Deda GrishajSeptember 20, 2020 05:54 am
Great news for everyone.
AnonSeptember 4, 2020 06:43 pm
Extend one year…?
Is this to be some Mickey Mouse type of RE-extension in one year less one day (ad infinitum)?
Eileen McDermottSeptember 4, 2020 12:58 pm
yes, that’s fixed, thanks.
Jack CopperSeptember 4, 2020 12:12 pm
Isn’t the link in the sentence beginning “Many have questioned…” intended to go to an IPWatchdog analysis? The link now goes to the original Perryman report.
MoocowSeptember 4, 2020 10:21 am
The “stockpiled patents” story must be one of the lamest arguments yet. Even if there are such stockpiled patents, IPR proceedings are still available to challenge them all. Petitioners wouldn’t even have to wait until they’re sued for infringement. And to the extent they believe such patents are invalid under Section 101 (which is unavailable in IPR), they can invalidate such patents more quickly and cheaply in district court than in CBM proceedings.

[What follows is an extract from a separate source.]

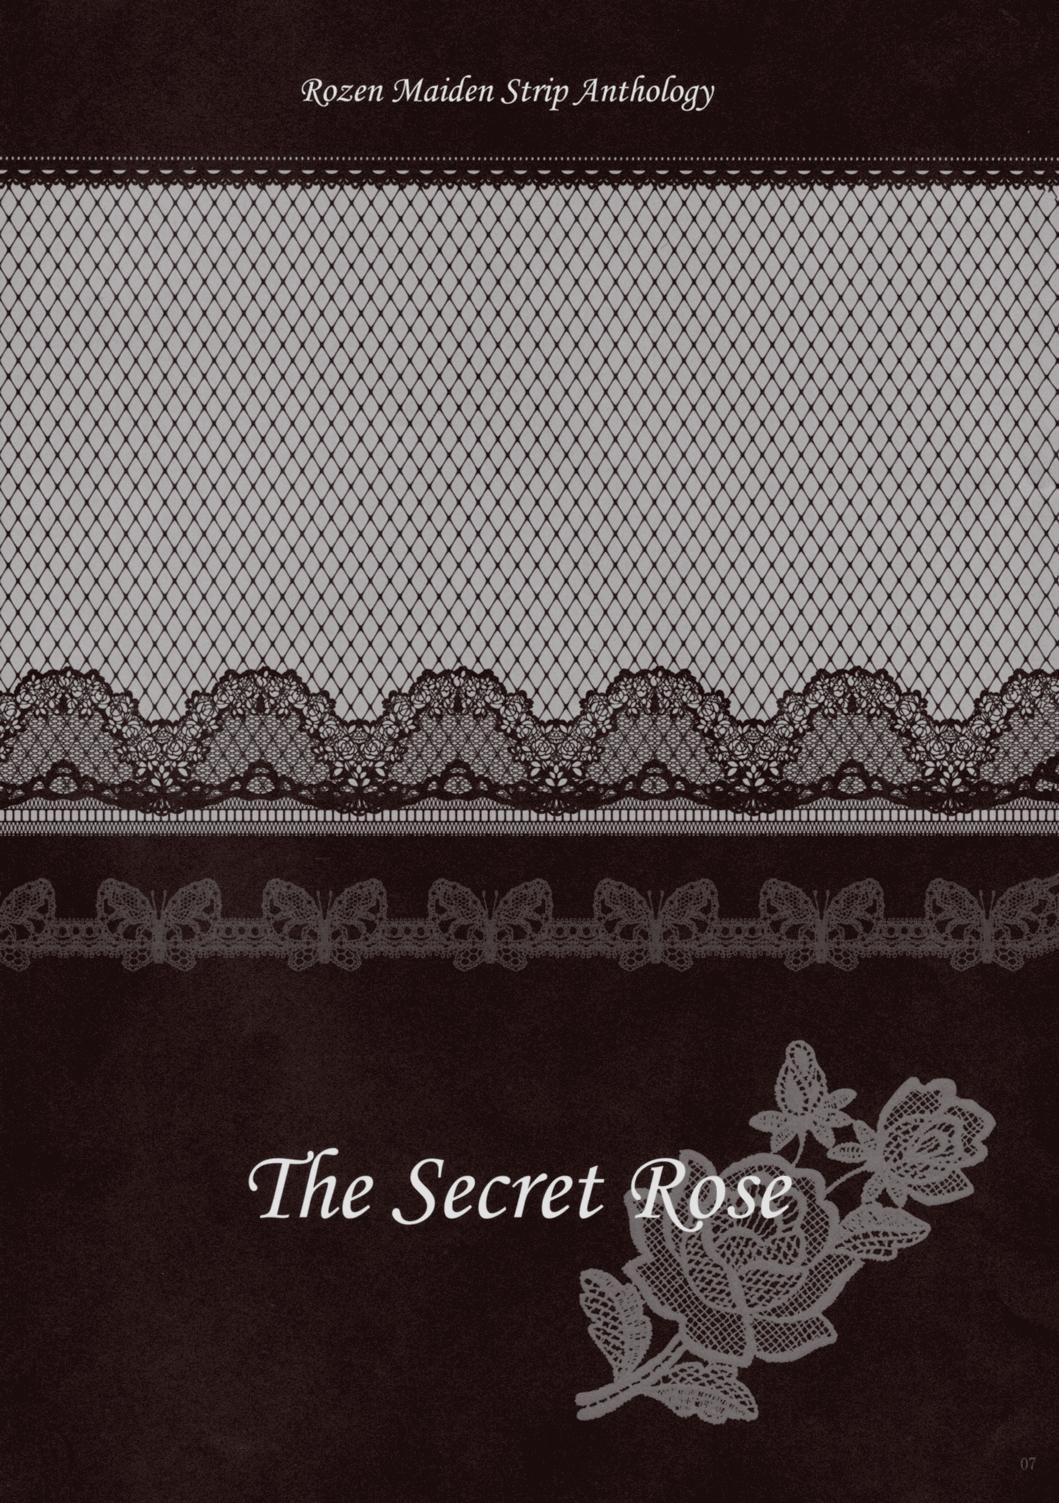 Calcinha Rozen Maiden Strip Gallery "The Secret Rose" - Rozen maiden Blow Job - Page 6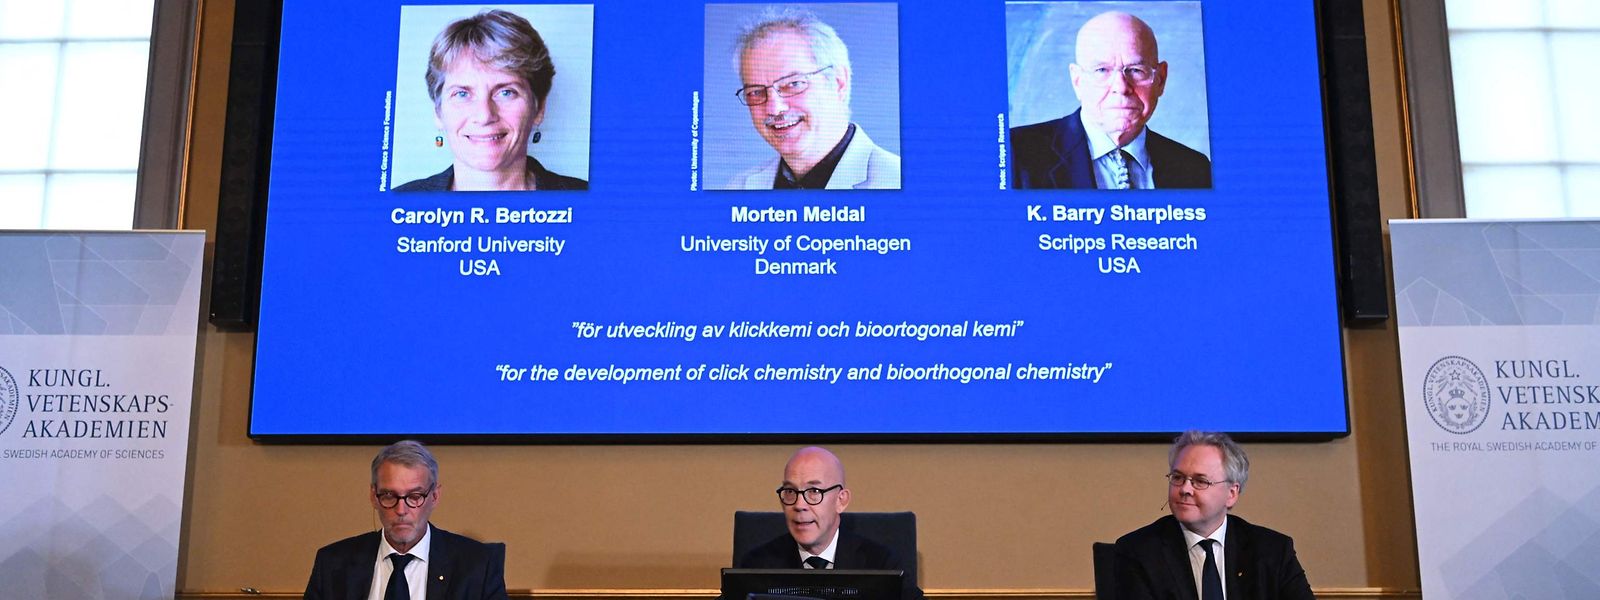 Les lauréats du prix Nobel de chimie 2022 ont été dévoilés ce mercredi matin.

Pro SaySeptember 3, 2020 07:12 pm
Transitional means transitional means transitional.
The letter to the Honorable Senator Tillis says it all:
“CBM should expire of disinterest, if not to eliminate a proceeding of questionable use, of illegitimate vintage, and of unjust intent.”
The time is up for this innovation albatross.
Let it die the unceremonious death it justly deserves.